For the first time, scientists from Lawrence Livermore National Laboratory (LLNL) and five other organizations have shown that human influences significantly impact the size of the seasonal cycle of temperature in the lowest layer of the atmosphere.
To demonstrate this, they applied a so-called “fingerprint” technique. Fingerprinting seeks to separate human and natural influences on climate. It relies on patterns of climate change -- typically patterns that are averaged over years or decades. But in the new research appearing in the July 20 edition of the journal Science, the team studied seasonal behavior, and found that human-caused warming has significantly affected the seasonal temperature cycle.
The researchers focused on the troposphere, which extends from the surface to roughly 16 kilometers in the atmosphere at the tropics and 13 kilometers at the poles. They considered changes over time in the size of the seasonal cycle of tropospheric temperature at different locations on the Earth’s surface. This pattern provides information on temperature contrasts between the warmest and coldest months of the year.
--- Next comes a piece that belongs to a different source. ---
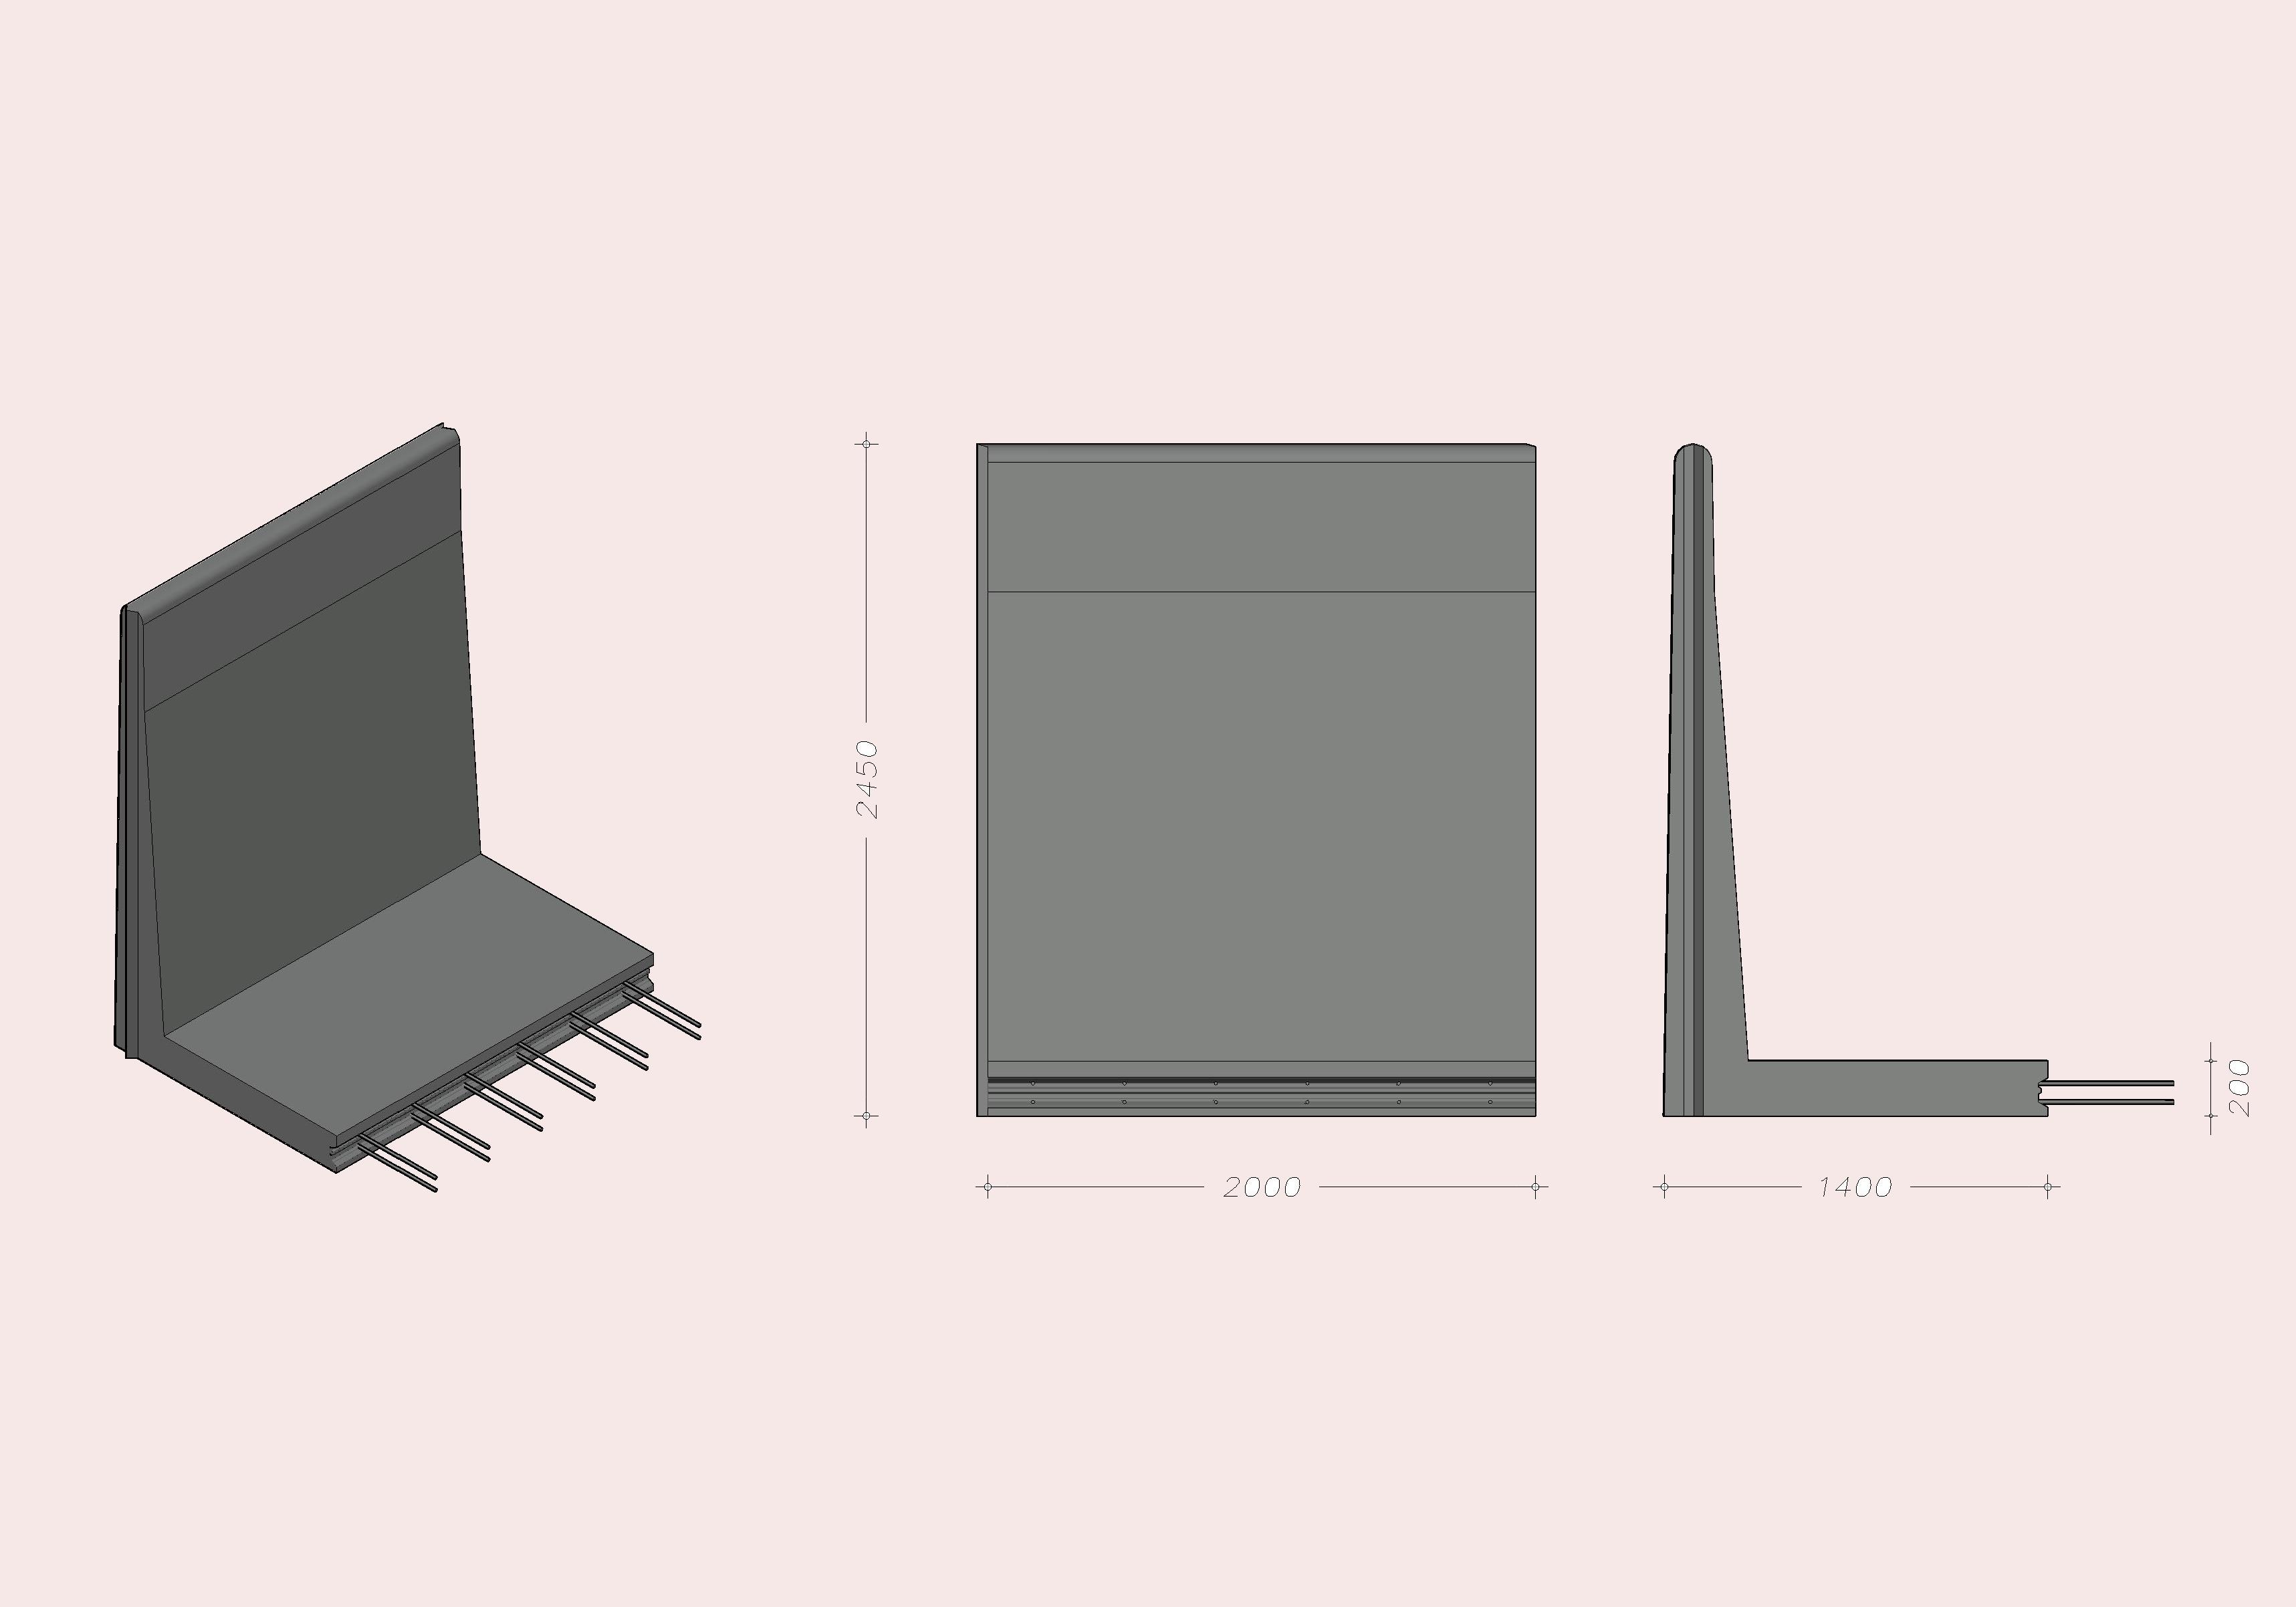 L-245 X 200 - Standard element

Away from the moderating effects of oceans, mid-latitude regions of Northern Hemisphere continents have a large seasonal cycle of atmospheric temperature, with frigid winters and hot summers. Satellite temperature data are consistent with models that project that this seasonal "heartbeat" is becoming stronger with human emissions of carbon dioxide.
Other features common to the observations and model simulations are small changes in the tropical seasonal temperature cycle, and a decrease in the size of the seasonal cycle in the Antarctic region.
“Our results suggest that attribution studies with the changing seasonal cycle provide powerful and novel evidence for a significant human effect on Earth’s climate,” said LLNL climate scientist and lead author Benjamin Santer.
Earth’s climate is simultaneously affected by different external and internal factors. Examples of external influences are natural changes in the sun’s energy output and human-caused increases in atmospheric concentrations of greenhouse gases. Internal influences include a wide range of natural cycles, such as the El Niño/Southern Oscillation and the Interdecadal Pacific Oscillation. Variations in these and many other internal and external factors have driven changes in historical climate.
Since the inception of climate fingerprint research in the late 1970s, scientists have used pattern recognition methods to detect unusually large changes in climate and to attribute these changes to different external influences. Initial studies concentrated on surface and atmospheric temperature. Later fingerprint research considered changes in a wide range of variables, including ocean heat content, the hydrological cycle, atmospheric circulation, sea ice extent and the behavior of extreme events.
In the new research, the team examined model simulations driven by historical changes in human factors. A prominent feature of these simulations is that at mid-latitudes, the size of the seasonal temperature cycle increases markedly. This increase results from larger warming in each hemisphere’s summer season. In turn, larger mid-latitude summer warming appears to be partly due to summer drying of the land surface.
Because of differences in the heat capacity of land and ocean, and because there is substantially more land in the Northern Hemisphere, mid-latitude increases in the seasonal temperature cycle are larger in the Northern than in the Southern Hemisphere. Similar large-scale patterns of seasonal cycle change occur in satellite tropospheric temperature data. The “pattern match” between the human influence fingerprint and the satellite patterns of seasonal cycle change was highly significant. The match was unlikely to be due to natural internal climate variability.
The satellite tropospheric temperature data used in the Science paper show global-mean annual average warming of roughly 1.25 degrees Farenheit from 1979 to 2016. The causes of this annual average warming signal have been the subject of many previous studies. But until the new research was conducted, no formal fingerprint study had been performed with the changing seasonal cycle of tropospheric temperature.
Other Livermore researchers include Stephen Po-Chedley, Mark Zelinka, Ivana Cvijanovic, Céline Bonfils, Paul Durack, Jeffrey Painter and Giuliana Pallotta. The paper was a collaboration with Qiang Fu at the University of Washington, Jeffrey Kiehl at UC Santa Cruz, Carl Mears and Frank Wentz at Remote Sensing Systems in Santa Rosa, Susan Solomon at the Massachusetts Institute of Technology and Cheng-Zhi Zou at the National Oceanic and Atmospheric Administration.